A generation ago, the political scientists vied with one another to glorify the president's role in the American system. He was monarch and prime minister, commander in chief and leader of Congress, even - for one romantic professor - a "mighty lion." Now the reality is different. The president is a day trader. He comes into office with a portfolio of political assets. But he cannot live off his political capital. To avoid humiliation, to fulfil at least some of the promises he made in the campaign, he must venture his capital in the political market-place every day.

He must propose popular reforms. He must meet the expectations of the powerful interests represented in Washington. He must choose and secure the confirmation of the members of his administration, and show that he can reward his friends and punish his enemies.

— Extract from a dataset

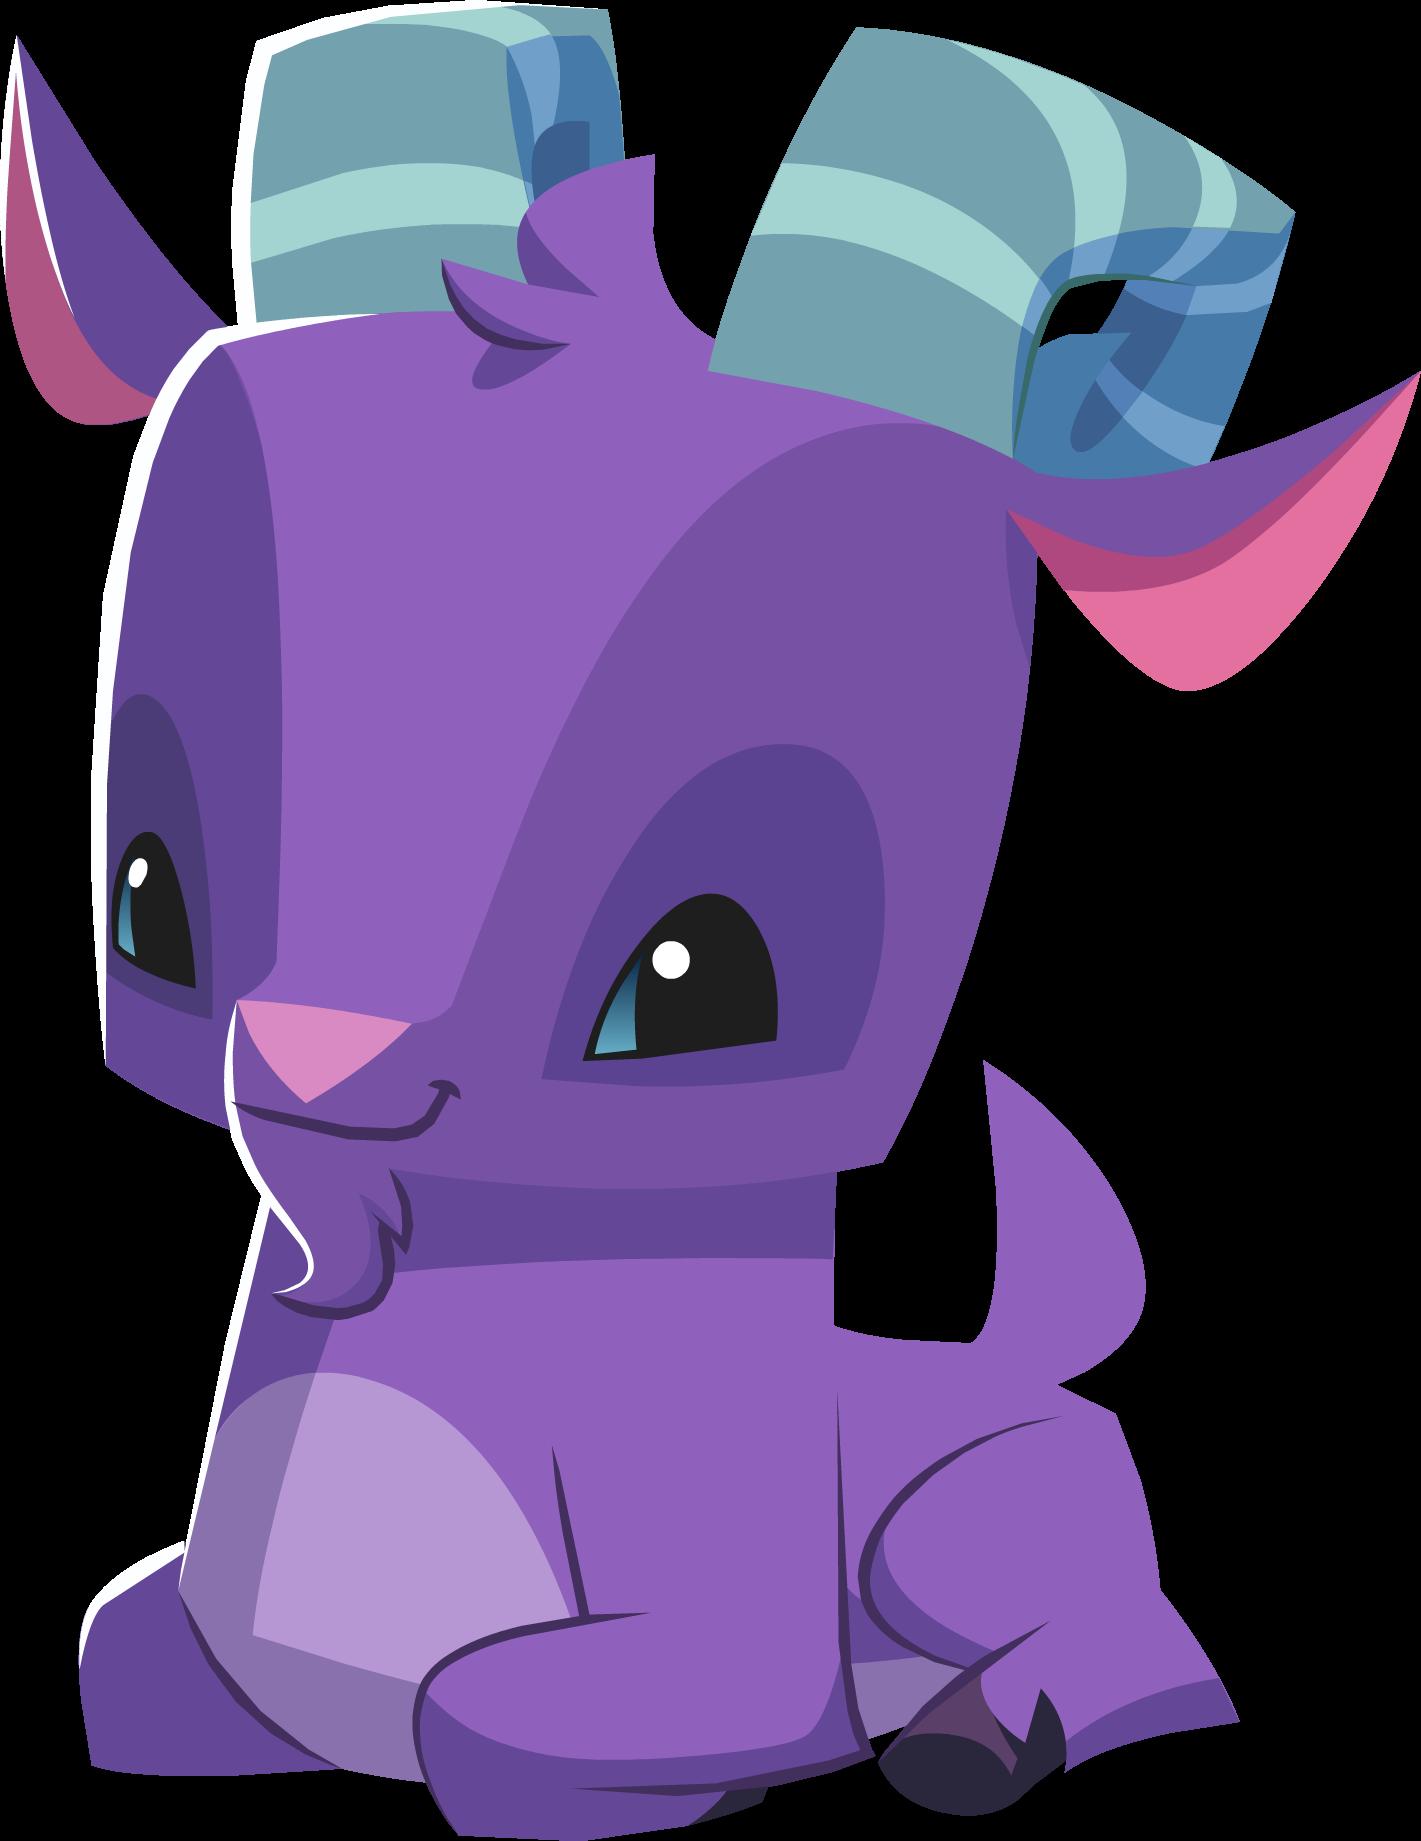 Jam clipart purple. Image goat sitting png

Some of his trading is in public. He makes speeches, he appears on television, and orders his staff to prepare legislation. But he also works in private, face to face and on the telephone. He schmoozes, he threatens, he bribes and he rewards.

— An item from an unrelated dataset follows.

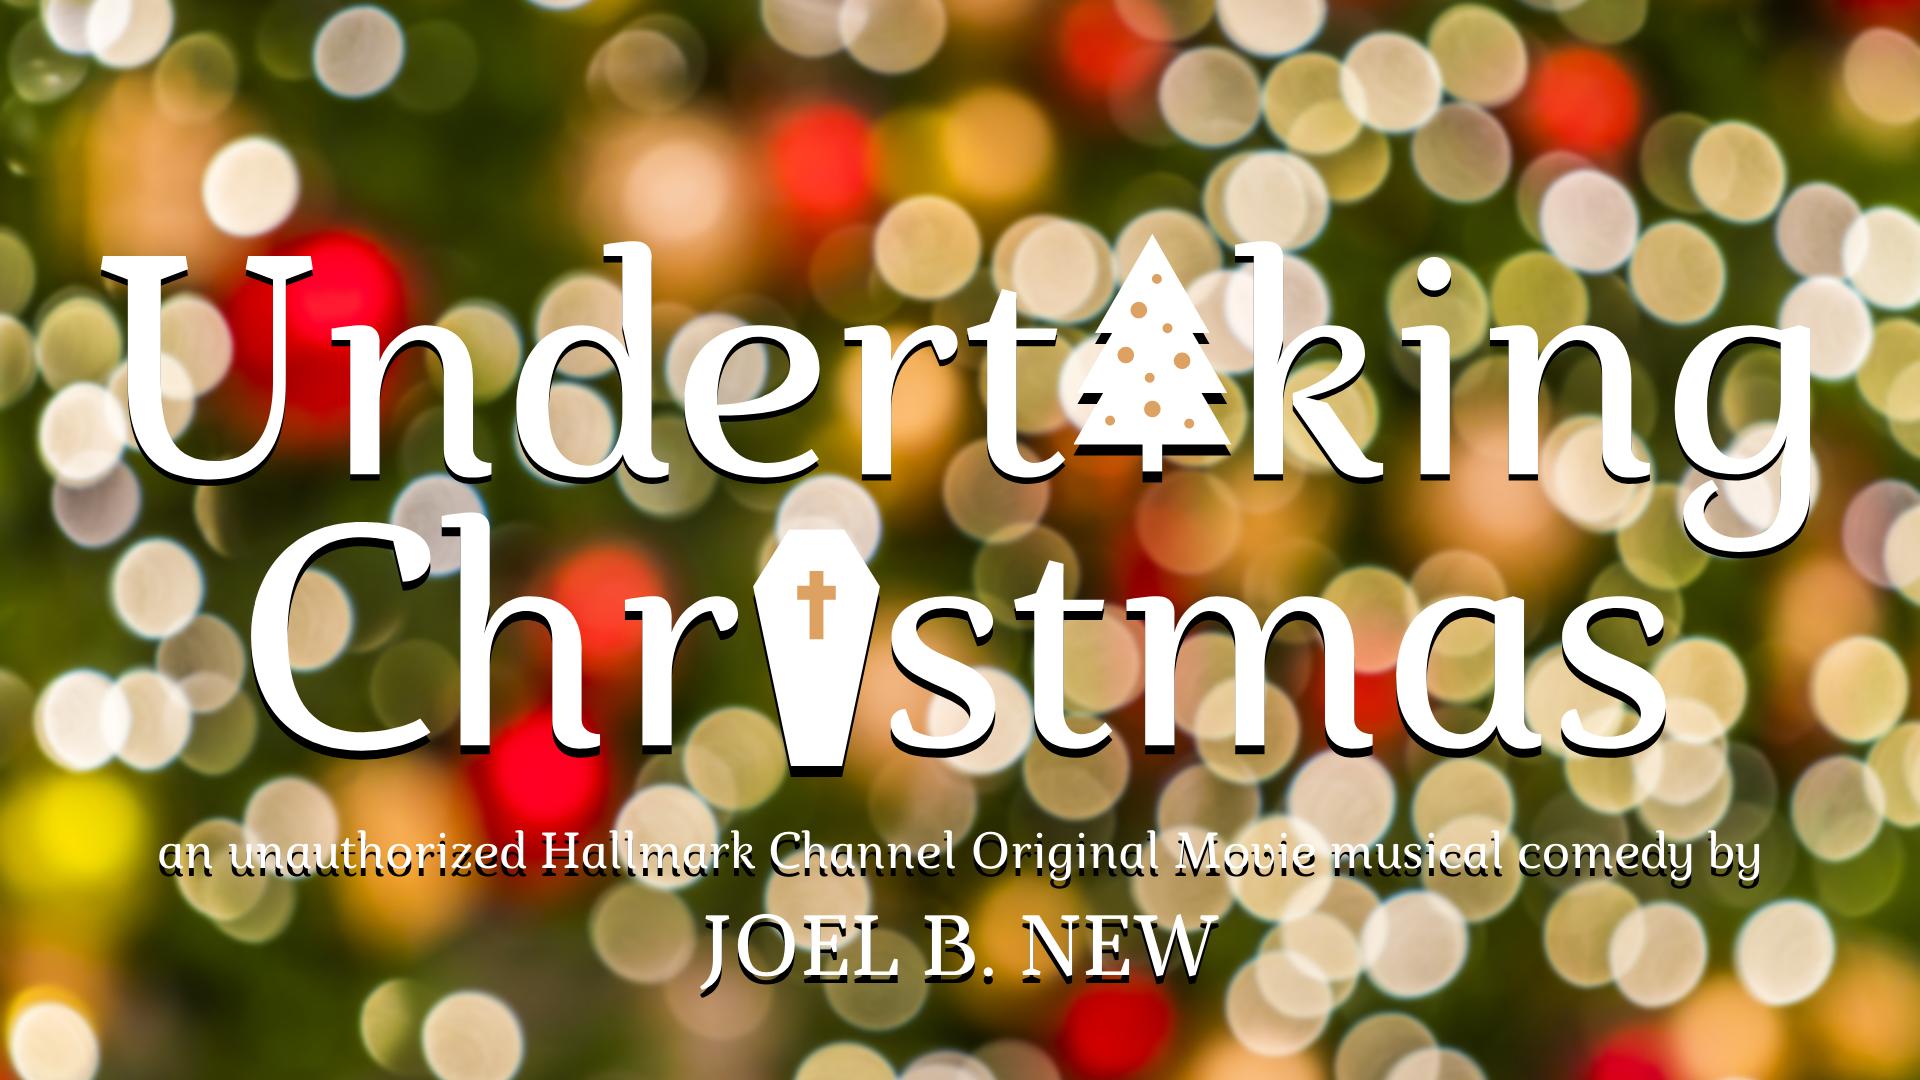 Undertaking Christmas

The success of these efforts is observed by Washington insiders, who are few and discreet, and who communicate their judgement of how the president is doing to the Washington press corps, who are numerous and extremely indiscreet. Any president now lives and dies by the journalists' judgment, as measured in the opinion polls.

The snag is that the news media are less and less interested in politics. The modern presidency came into existence to lead the United States in a world of depression at home and war, and Cold War, abroad. Now Americans do not feel their security is seriously at risk. They do not believe that government has much to do with their present affluence. Even the spectacle of a president on trial before the Senate on charges relating to gross immorality and possible perjury left the public largely indifferent.

As long as most Americans feel neither threatened from abroad nor challenged at home, a minimalist president, who presides as symbol of peace and prosperity, confiding in the people from time to time about his dog, his golf scores and his holiday reading, meets their requirements.

Only when the wind rises, and the waves slap against the hull, will we know whether the new-style media president - elected by the media, evaluated and legitimated by the media - will be equal to the task.